All agreed the future of the Greek programme depends on concessions from both Greece and its donors. But the detail and sequencing remain elusive.

“Will there be new loans? Yes, yes, I cannot see how we can pull together a programme together without new money,” said one senior official in Dresden familiar with ongoing EU-IMF talks with Athens.

Germany and France have rubbished Greek claims talks with Athens could be concluded by Sunday. After reaching a primary budgetary surplus last year, one G7 attendee said it had slipped back into negative territory, widening the gap with the 4.5 per cent budget surplus target agreed with creditors in 2012. "If there is a consensus [in Europe] that Greece cannot now get to 4.5 per cent, then Greece needs more financing," said one senior official.

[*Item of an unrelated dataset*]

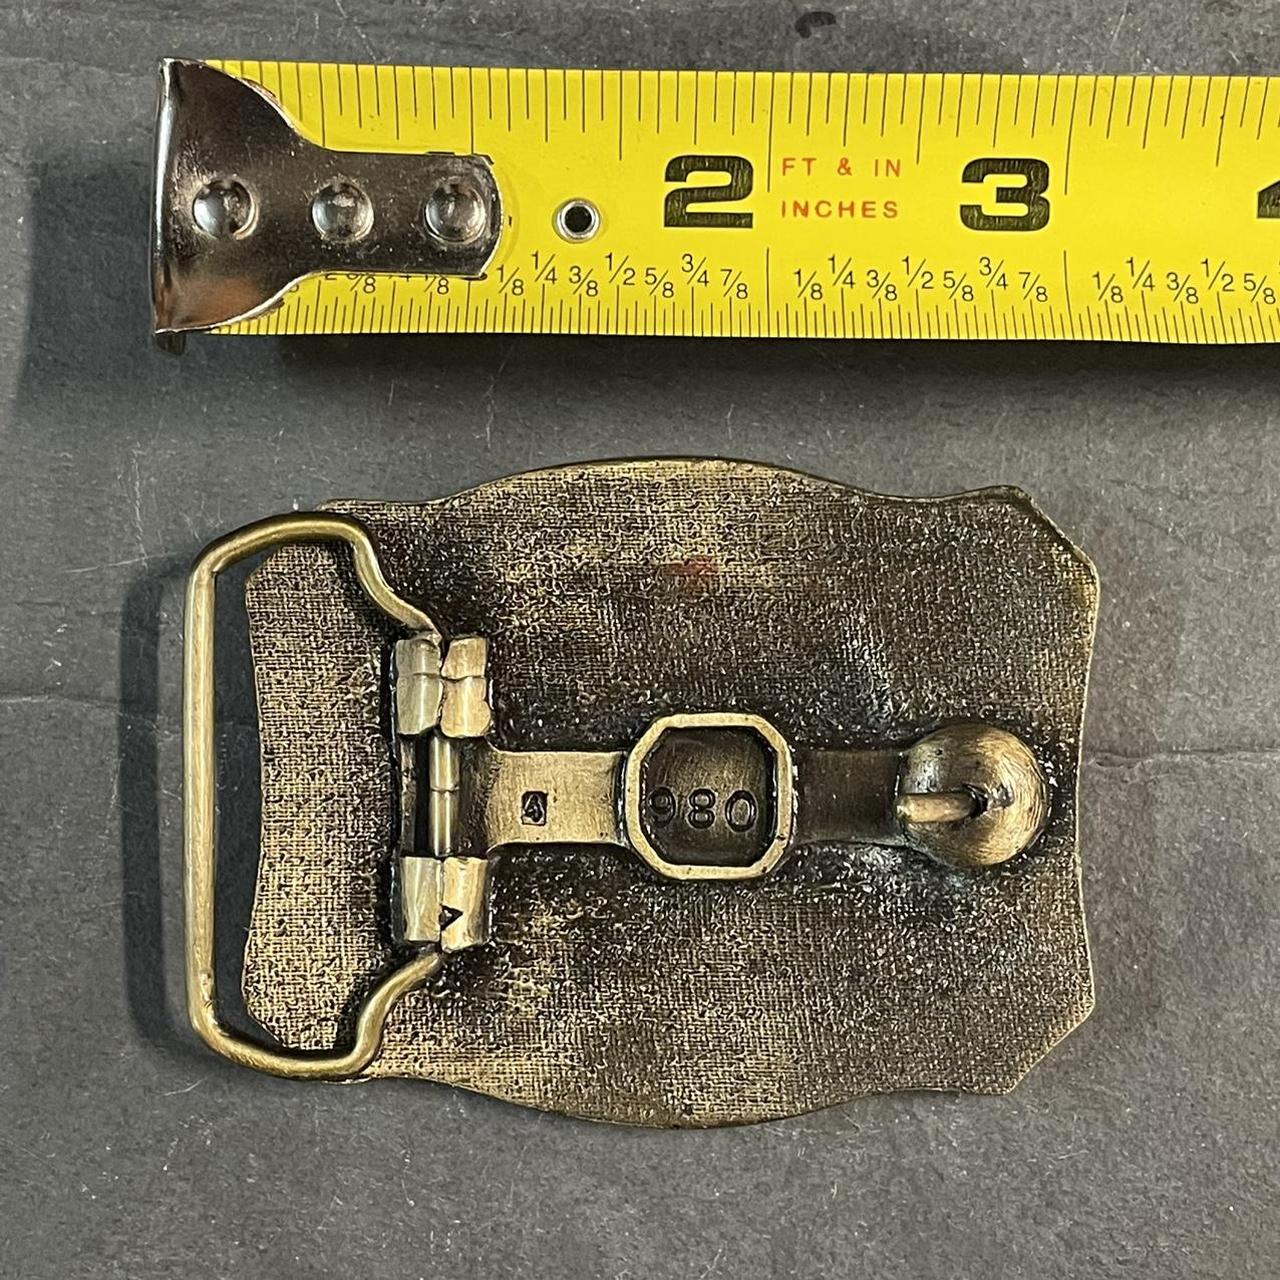 Vintage fish belt buckle. This vintage brass belt

Given that debt write-downs are politically unpalatable in EU donor countries, the official said the most likely form of relief is a further 10-year extension to loans due in 2020. Thatdepends on Athens delivering, not just announcing, reforms.

Greek donors, in particular the IMF, see potential for cuts in public-sector pensions which swallow9 per cent of Greek gross domestic product.

Some Dresden attendees said they were baffled why the hard-left Syriza is sparing vested Greek interests at the expense of the less well-off.

Pressure is building on Athens to find €1.6 billion to replay IMF loans, with the first repayment due on June 5th. Growing global unease at the Greek standoff was clear ahead of Dresden talks, with US treasury secretary Jacob L Lew’s warning that “brinkmanship is a dangerous thing”.